Wednesday, April 10, 2013

King Salmon Bycatch Prompts Request for Another NPFMC Report


In high seas groundfish fisheries, where the goal is the catch of pollock by the ton, the controversy over the allowable incidental harvest of Chinook salmon just won’t go away.

On April 8, the final day of the April meeting of the North Pacific Fishery Management Council in Anchorage, the council approved a motion offered by Alaska Department of Fish and Game Commissioner Cora Campbell for a report to the council on Chinook salmon bycatch in the Bering Sea pollock fishery.

The measure sees a review of the status of Alaska Chinook salmon stocks, a report of 2011 genetic stock identification, along with stock-based adult-equivalency run reconstruction and prohibited species catch harvest rate analyses for king salmon stocks. It also seeks to evaluate fishing and bycatch performance under Amendment 9 of the Bering Sea and Aleutian Islands fishery management plan by gathering data from 2003 through 2013 on numbers and rates of bycatch taken by month, by sector; use of salmon excluders, by sector and season, and the variability between bycatch rates per vessel within each section in 2011-2012.

The action came as the Alaska State Senate, in its final session days in Juneau, passed a resolution encouraging fishery managers to lower limits on Chinook bycatch in the Gulf of Alaska and Bering Sea, and in support of increased coverage by fishery observers to obtain accurate estimates on bycatch.

Kelly Harrell, executive director of the Alaska Marine Conservation Council, said AMCC hopes that the NPFMC will heed the Senate’s message, as well as letters from the Bush caucus and others, to further reign in bycatch.

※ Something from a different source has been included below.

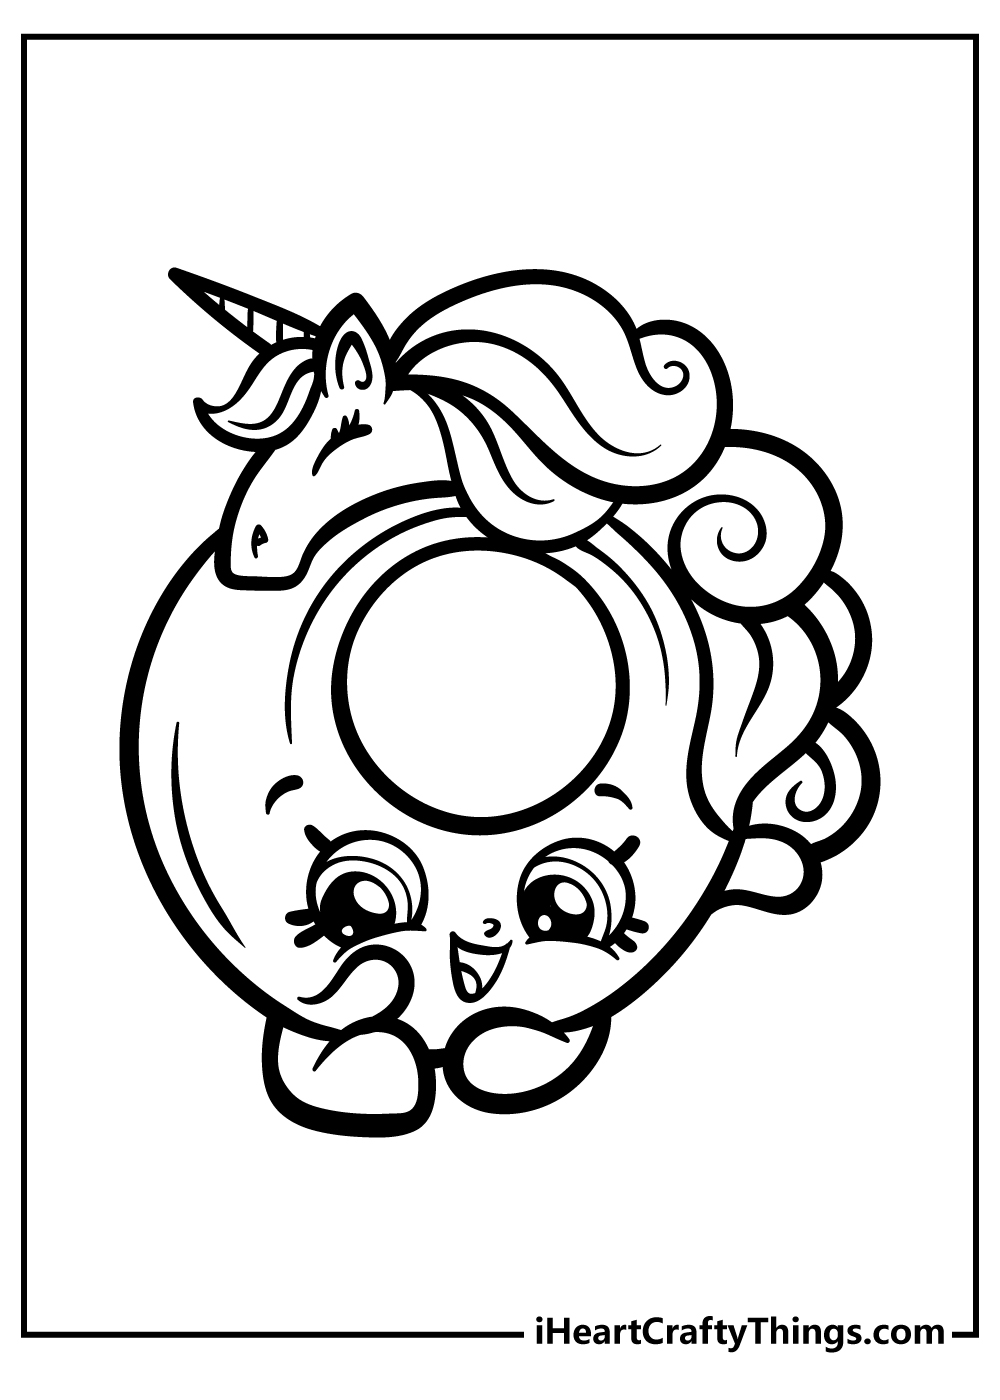 Shopkins coloring pages free printable

The NPFMC’s action came after the council had heard extensive reports from United Catcher Boats and others in the groundfish industry, plus an update on salmon genetics research, and heard passionate pleas for and against another discussion paper on the incidental harvest of Chinook salmon.

From the industry’s perspective, they are doing all they can in development of gear such as salmon excluders and with the practice of avoiding areas where large numbers of king and chum salmon are detected, areas known as rolling hot spots.

“The council should respond to appropriate information,” said Stephanie Madsen, who is the executive director of the At-Sea Processors Association. “The pollock fishery isn’t the only source of the decline in salmon. You could also shut us down and that’s not going to help people in the region in the short term.”

Others, like Becca Robins Gisclair, policy director of the Yukon River Drainage Fisheries Association, were in support of the discussion paper. Given restrictions on the king salmon fishery to meet treaty obligations with Canada, by 2012 residents of Yukon River communities were less than halfway to meeting subsistence needs, she said. “We are talking about actual people’s food here,” she said.